● Data below:
>>

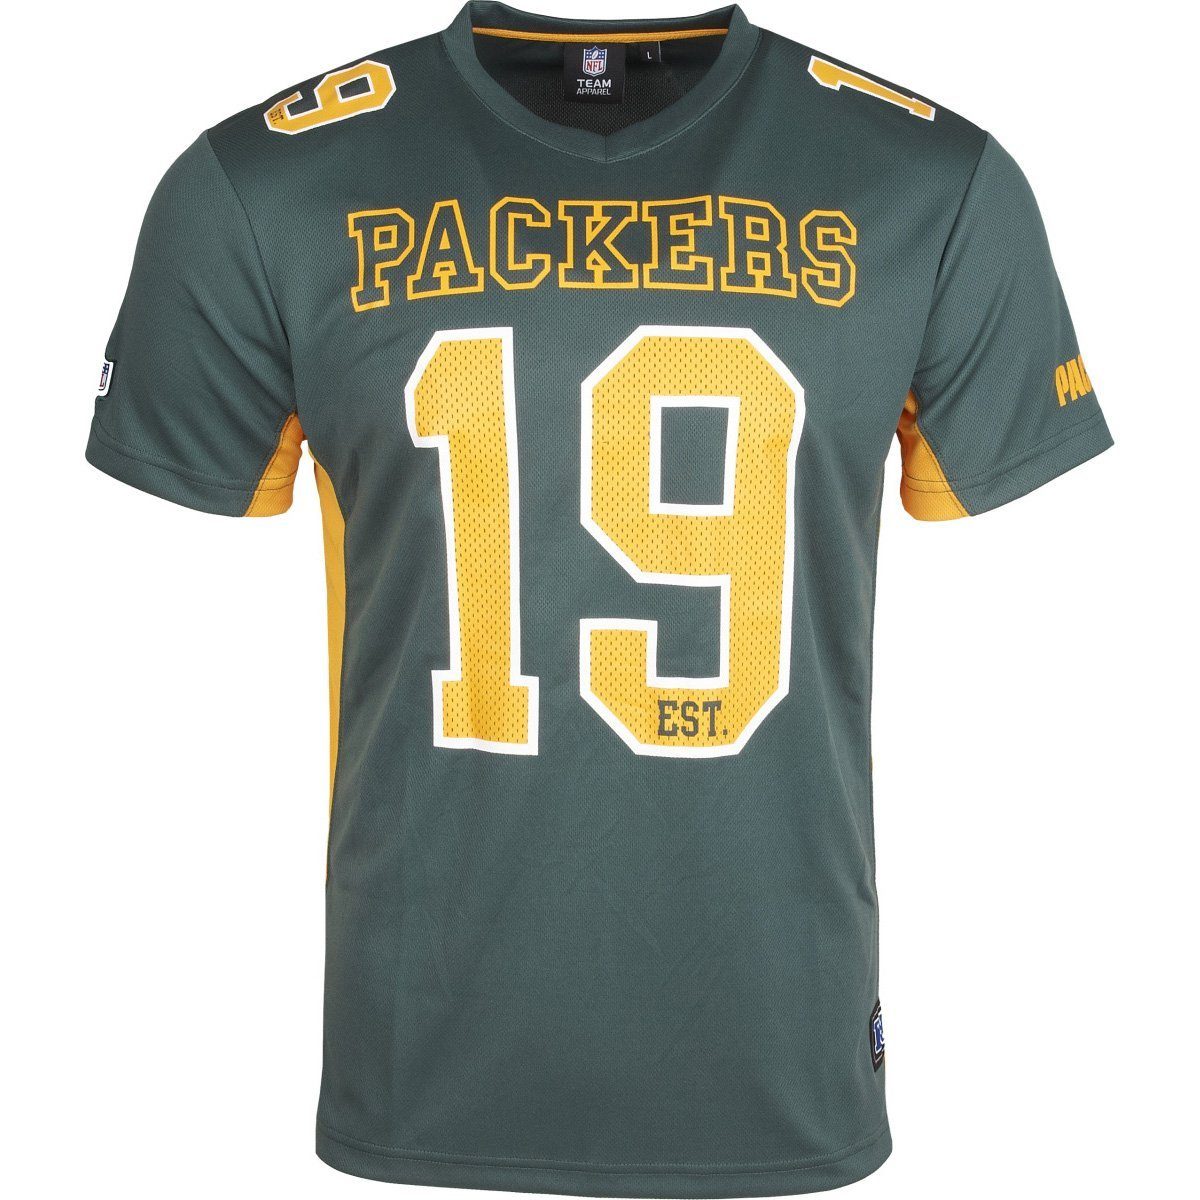 Fanatics Print-Shirt NFL Jersey Green Bay Packers
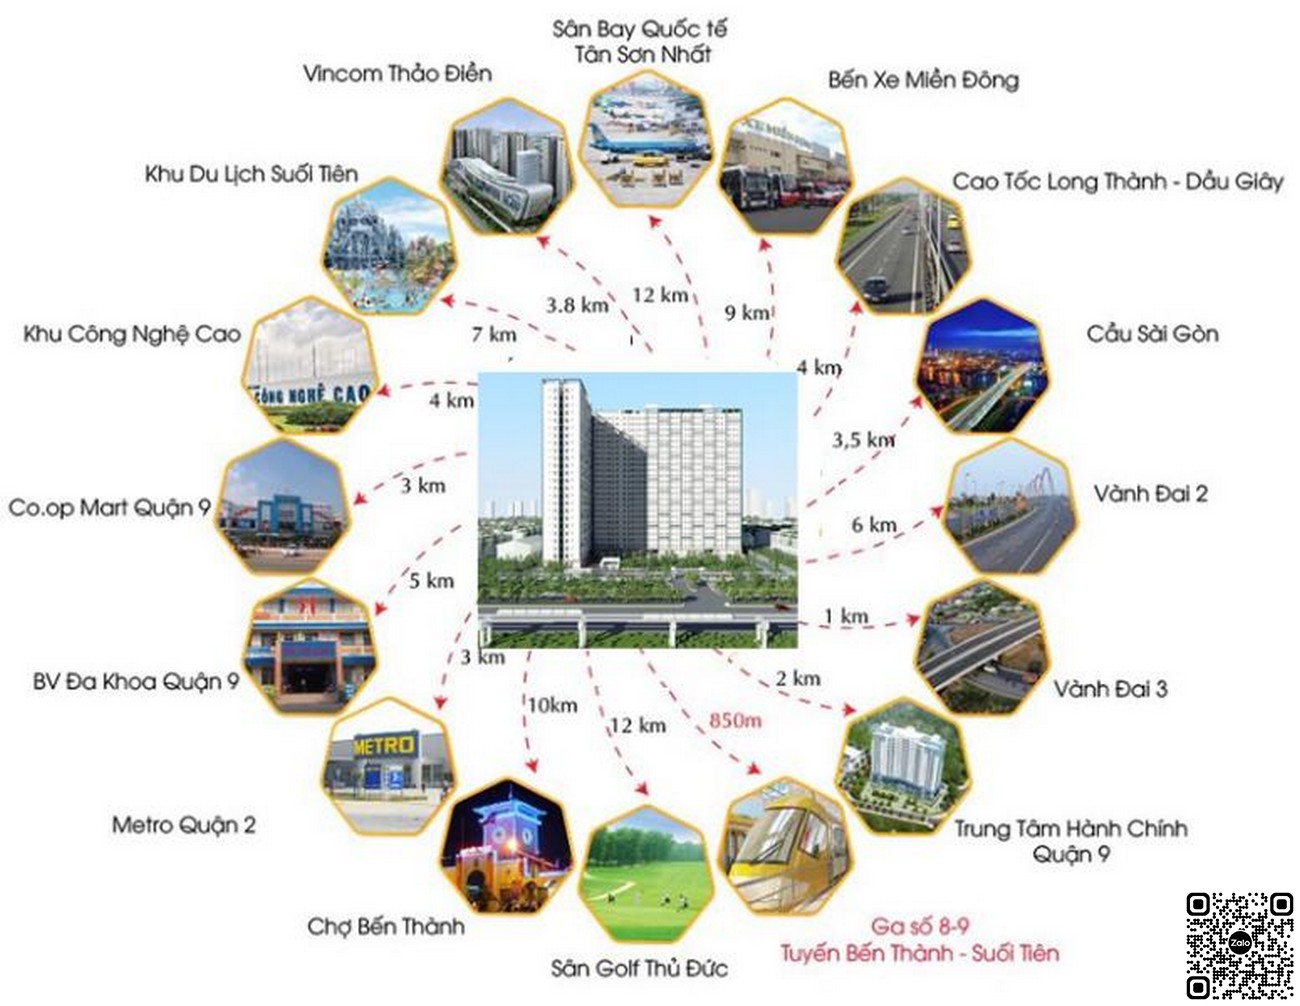 Liên kết vùng dự án Saigon Gateway Quận 9
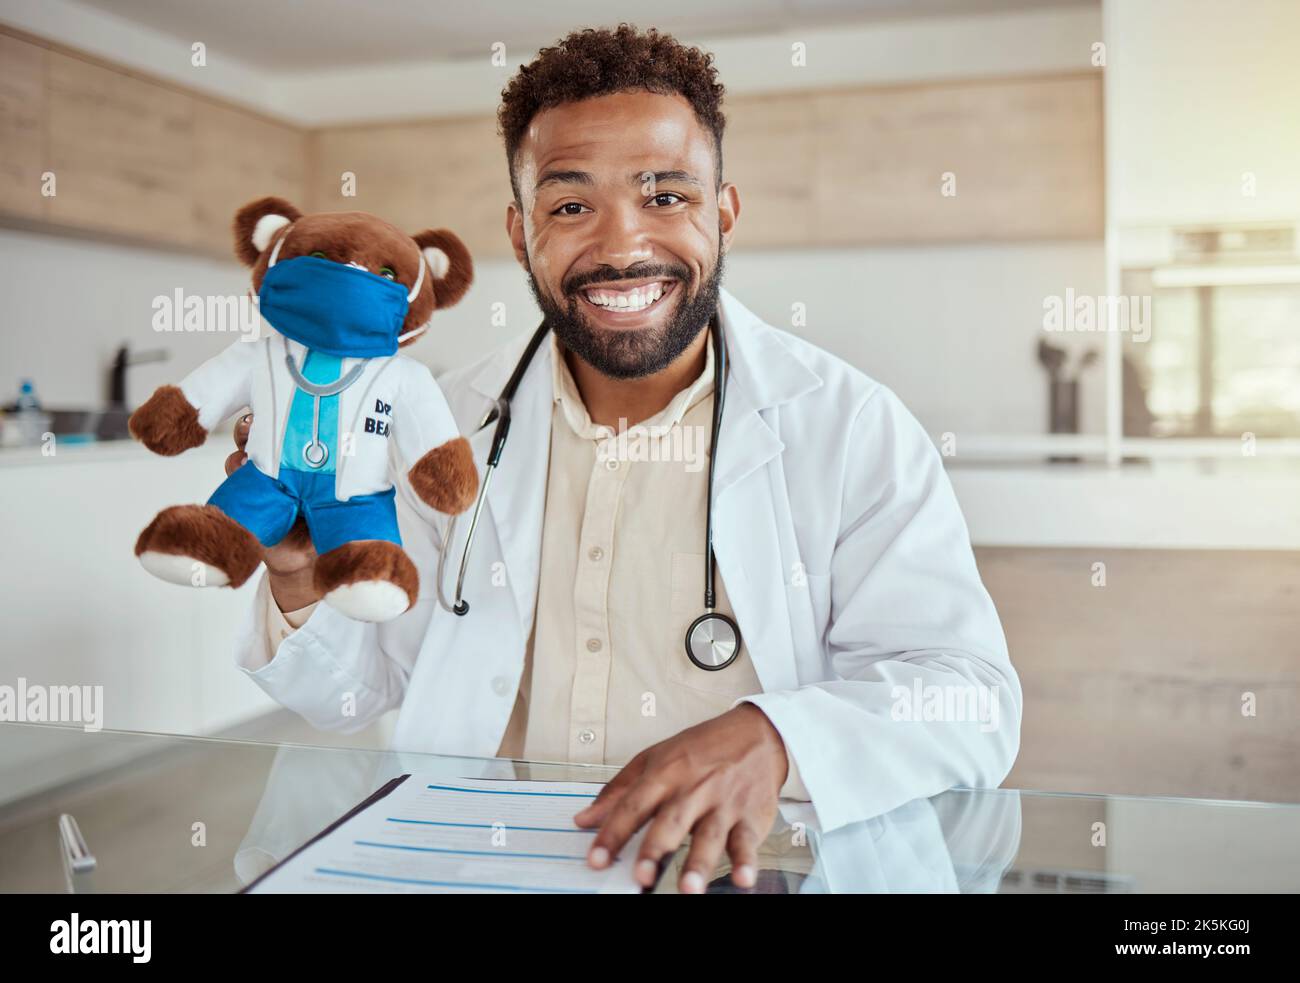 Medico infantile, pediatra e assistenza sanitaria lavorano tenendo un giocattolo orsacchiotto e guardando felice e amichevole mentre si siede nel suo ufficio in un ospedale Foto Stock

<<

● Directions for this task:
Given the listing above, return exactly, and only, the lines from the line with "Liên kết vùng dự án Saigon Gateway Quận 9" through its final line, both included, with the pictures removed.

● Solved problem:
 Liên kết vùng dự án Saigon Gateway Quận 9
 Medico infantile, pediatra e assistenza sanitaria lavorano tenendo un giocattolo orsacchiotto e guardando felice e amichevole mentre si siede nel suo ufficio in un ospedale Foto Stock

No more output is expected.